Power

Pro-Choice Groups Hit Back After Denver Post Endorses Anti-Choice Gardner

Abortion rights organizations say the Denver Post's endorsement of senatorial candidate Cory Gardner contradicts the paper's long-held editorial stance on choice, among other things.

Abortion rights organizations say the Denver Post's endorsement of senatorial candidate Cory Gardner contradicts the paper's long-held editorial stance on choice, among other things. Cory Gardner for Senate/Youtube

In response to the Denver Post’s endorsement of Colorado senatorial candidate Cory Gardner, abortion rights organizations in Colorado purchased a full-page advertisement October 19 in the Post, arguing that Gardner’s positions on key issues contradict the newspaper’s editorial positions.

The endorsement, which ran last Sunday, blasted Gardner’s opponent, Sen. Mark Udall, for running an “obnoxious one-issue campaign” on women’s issues, stating that Udall has “devoted a shocking amount of energy and money trying to convince voters that Gardner seeks to outlaw birth control despite the congressman’s call for over-the-counter sales of contraceptives.”

Gardner is a co-sponsor of a bill that could ban all abortion and some forms of birth control, as pointed out in Sunday’s ad, sponsored by MoveOn.org Political Action and NARAL Pro Choice America PAC.

The ad listed four editorial positions of the Denver Post: protecting a women’s right to choose, fighting global warming, supporting comprehensive immigration reform, and valuing compromise and fresh ideas.

Then the ad stated that Gardner “still backs a bill that would ban abortion,” “voted to block progress on combating carbon pollution,” “opposes the bipartisan Senate immigration bill,” and “holds a consistently right-wing voting record in the House.”

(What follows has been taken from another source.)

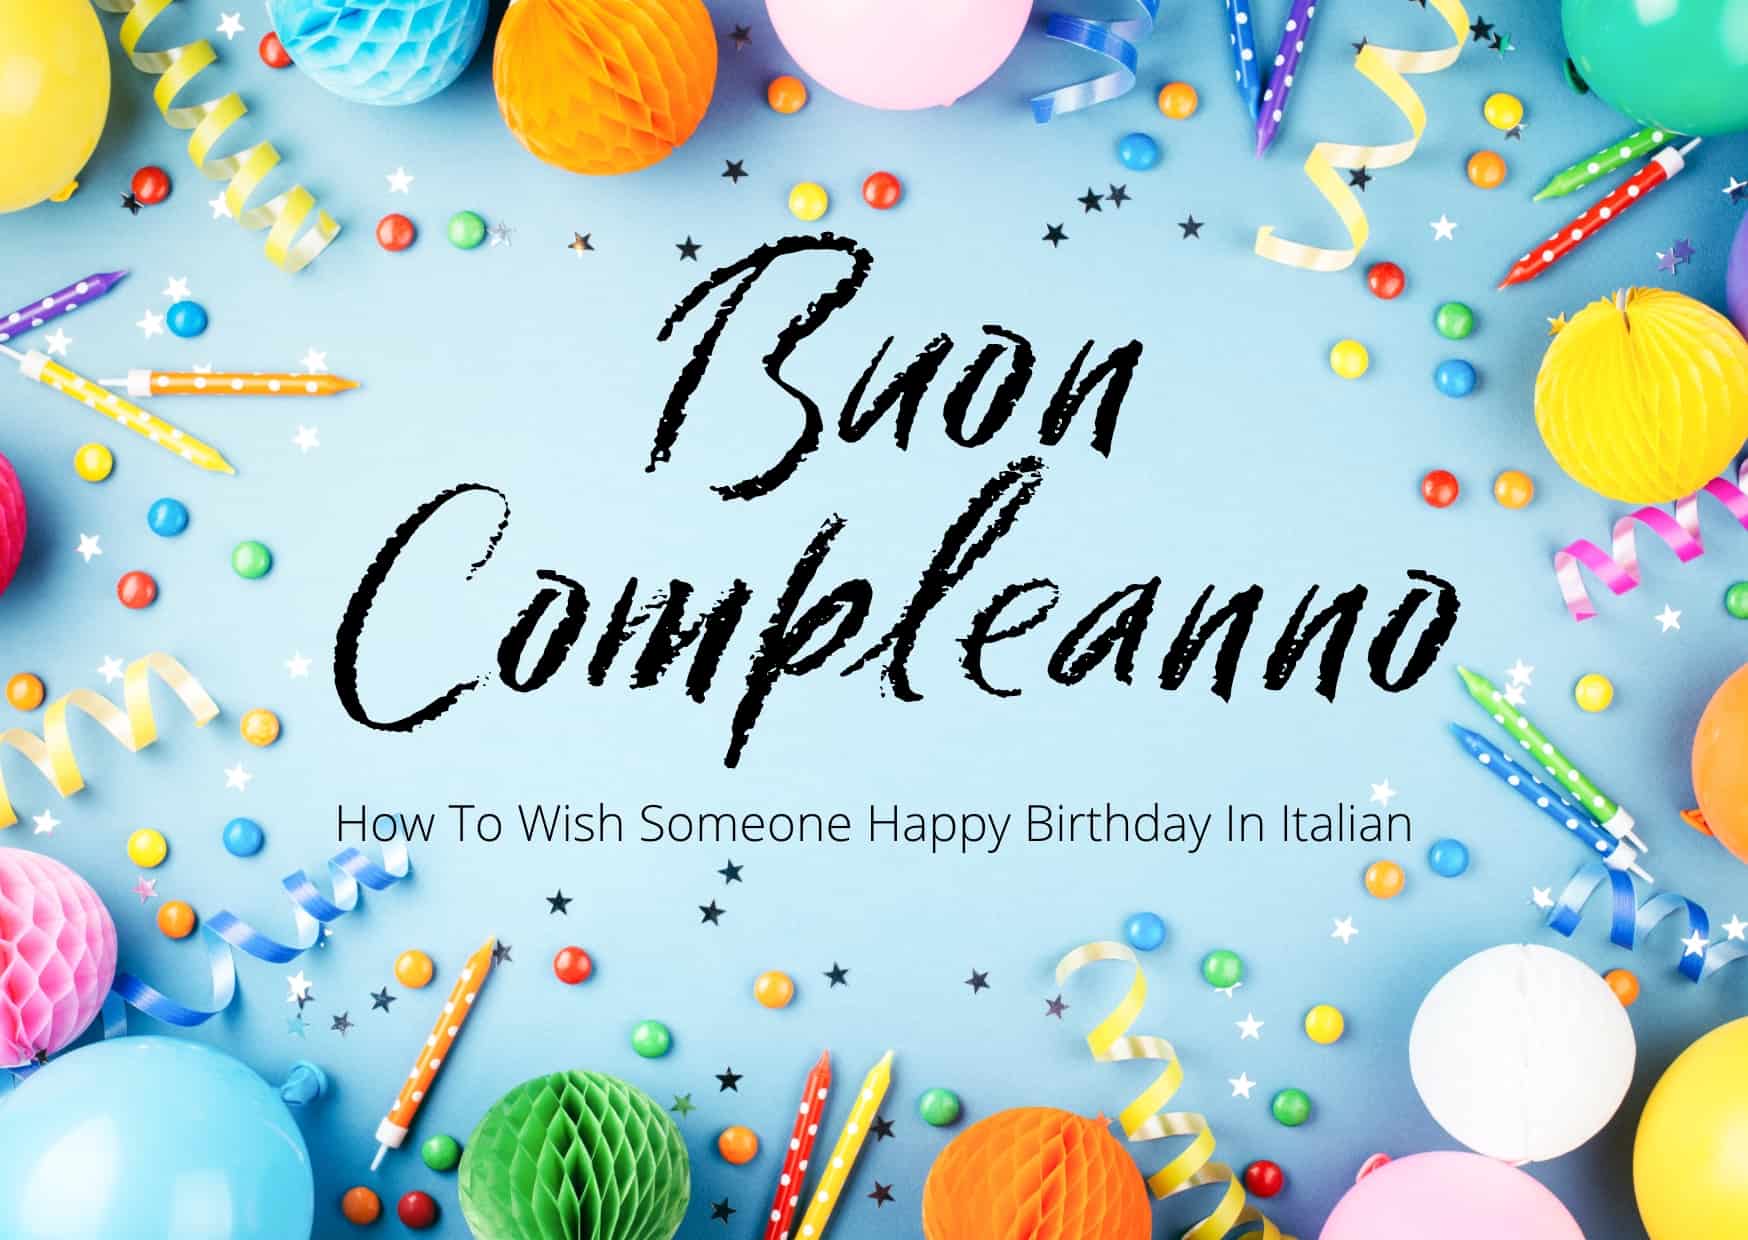 Happy birthday italian

The Post, in its endorsement of the Republican, argued that “contrary to Udall’s tedious refrain, Gardner’s election would pose no threat to abortion rights.”

Gardner is a long-standing opponent of abortion under any circumstance.

In March, however, Gardner withdrew his support for state “personhood” amendments, angering Colorado personhood organizers, though he left his name on the federal personhood bill. In Congress, he’s voted to redefine rape and defund Planned Parenthood.

During the past week, commentators from around the country joined pro-choice groups in attacking the Post’s Gardner endorsement.

In an open letter to Post Editor Gregory Moore, former Colorado Sen. Gary Hart wrote, “For you to conclude that Mr. Gardner will be anything other than a consistent vote for a Tea Party dictated agenda on the major social and economic issues of the day is confounding.”

Gardner, in a Fox News appearance over the weekend, shot back.

“Everybody knows [Gary Hart’s] claim to fame. So, I`m not too worried about what Gary Hart thinks about, and he can take his monkey business other places,” Gardner said.

The New Republic’s Danny Vinik chastised the the Post, writing that the endorsement was “baffling, because the Post doesn’t agree with Gardner on almost any issue.”

Gardner has criticized the media multiple times in recent years as being biased toward liberals, but he tweeted that he was “honored and humbled” to be endorsed by the Post.

Gardner’s race against Udall is widely considered a toss-up.